Jakarta, Faktaindonesianews.com – Komisi Pemberantasan Korupsi (KPK) membuka kemungkinan menghadirkan Rektor Universitas Sumatera Utara (USU), Muryanto Amin, serta seorang wiraswasta bernama Deddy Rangkuti dalam sidang dugaan korupsi proyek jalan di Sumatera Utara (Sumut). Langkah ini dilakukan untuk melengkapi keterangan terkait aliran dana dan keterlibatan sejumlah pihak dalam kasus yang kini bergulir di Pengadilan Tipikor Medan.

Pelaksana Tugas Deputi Penindakan dan Eksekusi KPK, Asep Guntur Rahayu, menjelaskan bahwa keduanya sudah pernah dipanggil penyidik KPK untuk dimintai keterangan dalam proses penyidikan, namun tidak memenuhi panggilan. Muryanto diketahui mengirimkan surat alasan ketidakhadiran karena saat itu sedang berlangsung pemilihan rektor di USU.

Bacaan Lainnya

“Nanti kalau tidak sempat di proses penyidikan, dan apabila keterangan yang diinginkan dari kedua orang ini belum lengkap, maka mereka bisa dihadirkan di persidangan,” kata Asep di Gedung KPK, Jakarta, Senin (10/11).

Kasus korupsi proyek jalan di Sumatera Utara ini mencuat setelah KPK melakukan Operasi Tangkap Tangan (OTT) di Tapanuli Selatan, Juni 2025 lalu. Dalam operasi tersebut, penyidik KPK mengamankan sejumlah pihak, termasuk mantan Kepala Dinas PUPR Sumut, Topan Obaja Putra Ginting, yang disebut sebagai orang dekat Gubernur Sumut, Bobby Nasution.

Dari hasil penyidikan, KPK kemudian menetapkan lima tersangka, yaitu Topan Obaja Putra Ginting; Rasuli Efendi Siregar, eks Kepala UPTD Dinas PUPR Gunung Tua; Heliyanto, Pejabat Pembuat Komitmen (PPK) Satker PJN Wilayah I Sumut; serta dua kontraktor swasta, Akhirun Piliang, Direktur Utama PT Dalihan Natolu Grup (DNG), dan Reyhan Dulsani, Direktur Utama PT Rona Mora.
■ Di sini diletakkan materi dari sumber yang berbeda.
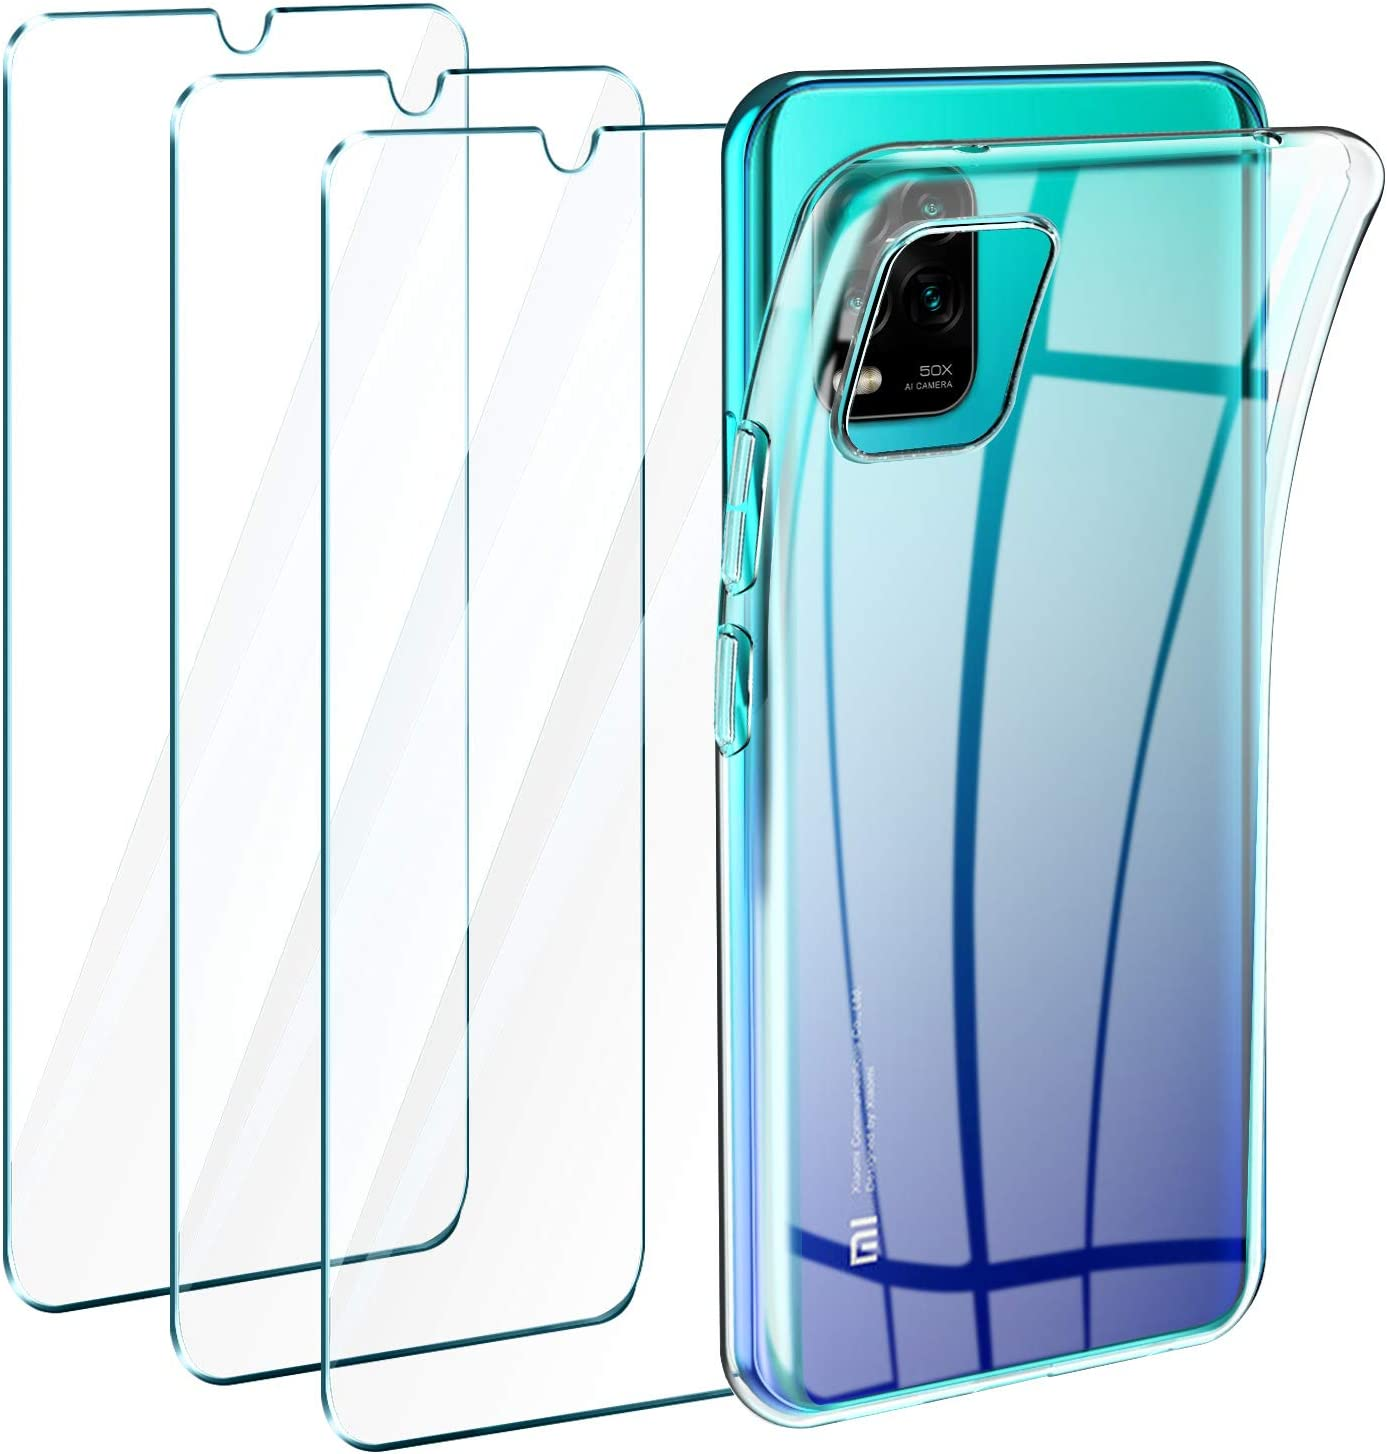 Leathlux Funda Xiaomi Mi 10 Lite 5G + 3 x Protector de Pantalla Xiaomi Mi 10 Lite 5G, Transparente TPU Silicona Funda + Cristal Vidrio Templado Protector de Pantalla y Carcasa Xiaomi Mi 10 Lite 6.57
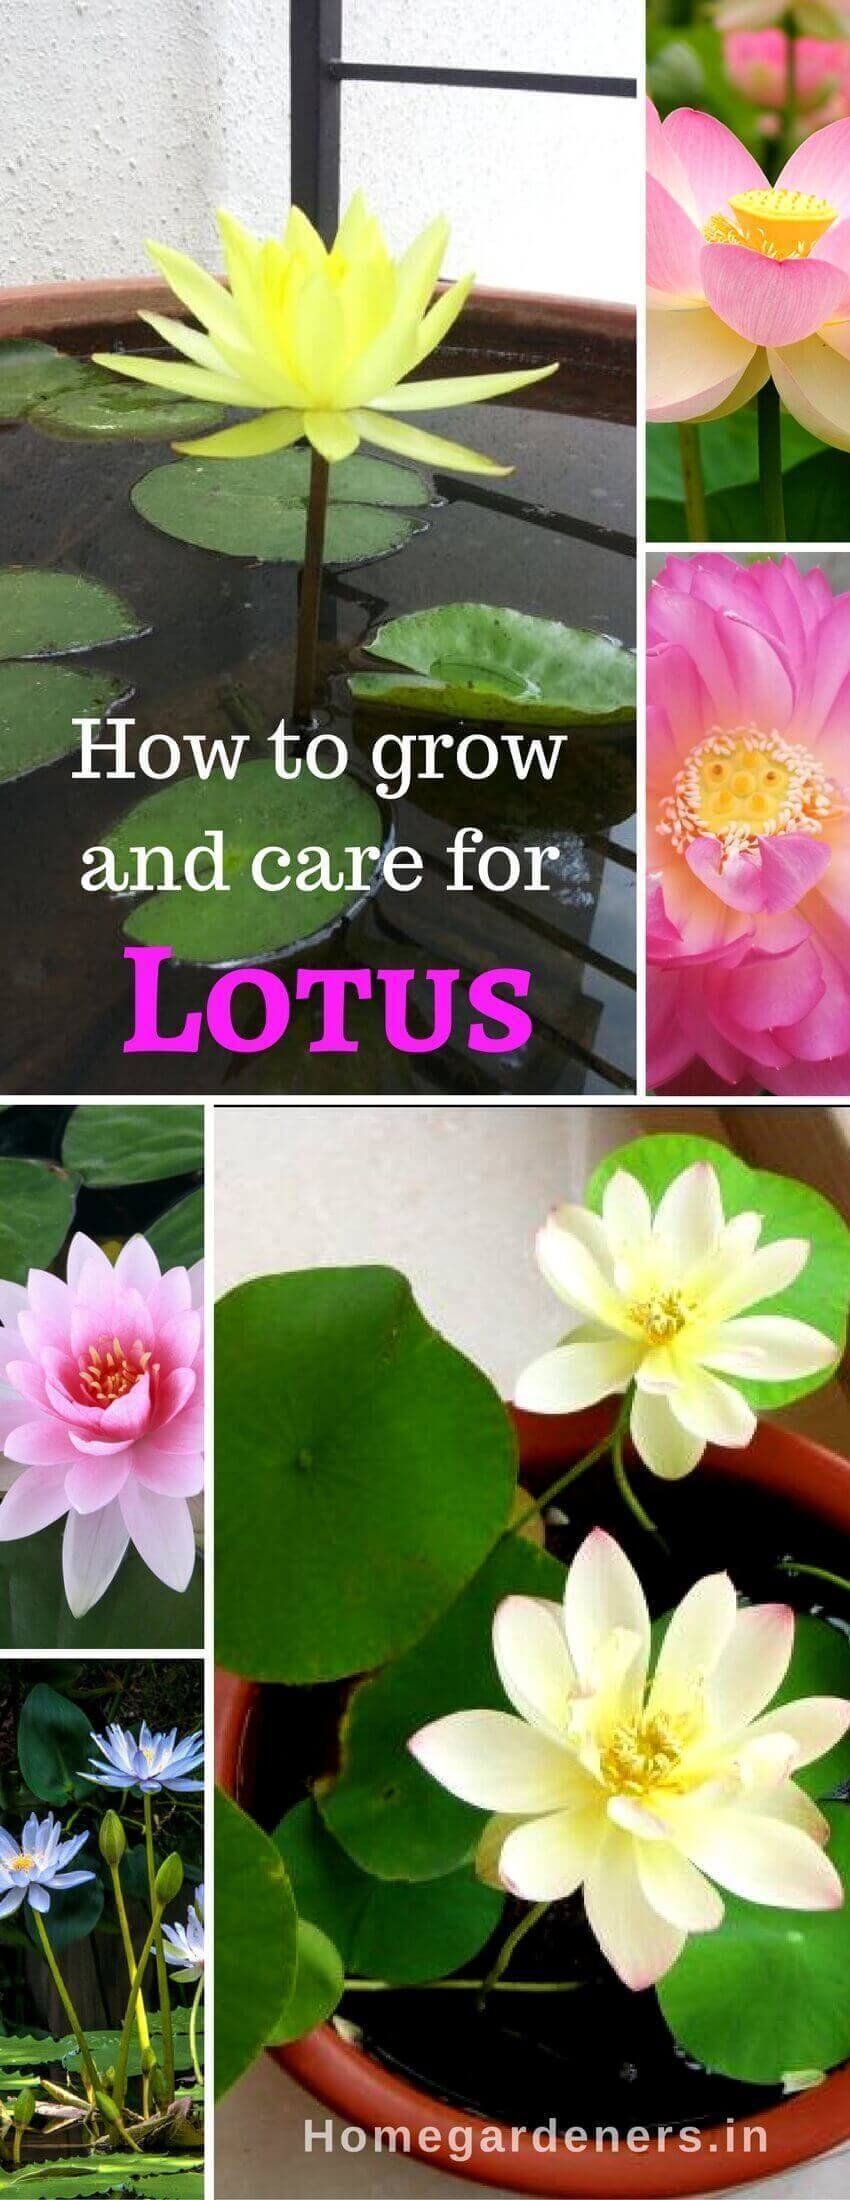 Sacred lotus how to grow and care for lotus plants lotus plants sacred lotus how to grow and care for lotus plants izmirmasajfo

Dalam dakwaan Jaksa KPK, Akhirun Piliang dan Reyhan Dulsani disebut telah memberikan uang sebesar Rp4,054 miliar kepada sejumlah pejabat, termasuk Topan Obaja, agar PT Dalihan Natolu Grup dapat memenangkan tender proyek jalan melalui sistem e-katalog di Dinas PUPR Sumut.

Sidang kasus ini kini tengah berlangsung di Pengadilan Tipikor Medan, dengan fokus membongkar modus suap dan persekongkolan antara pejabat dan pihak swasta dalam penentuan proyek infrastruktur.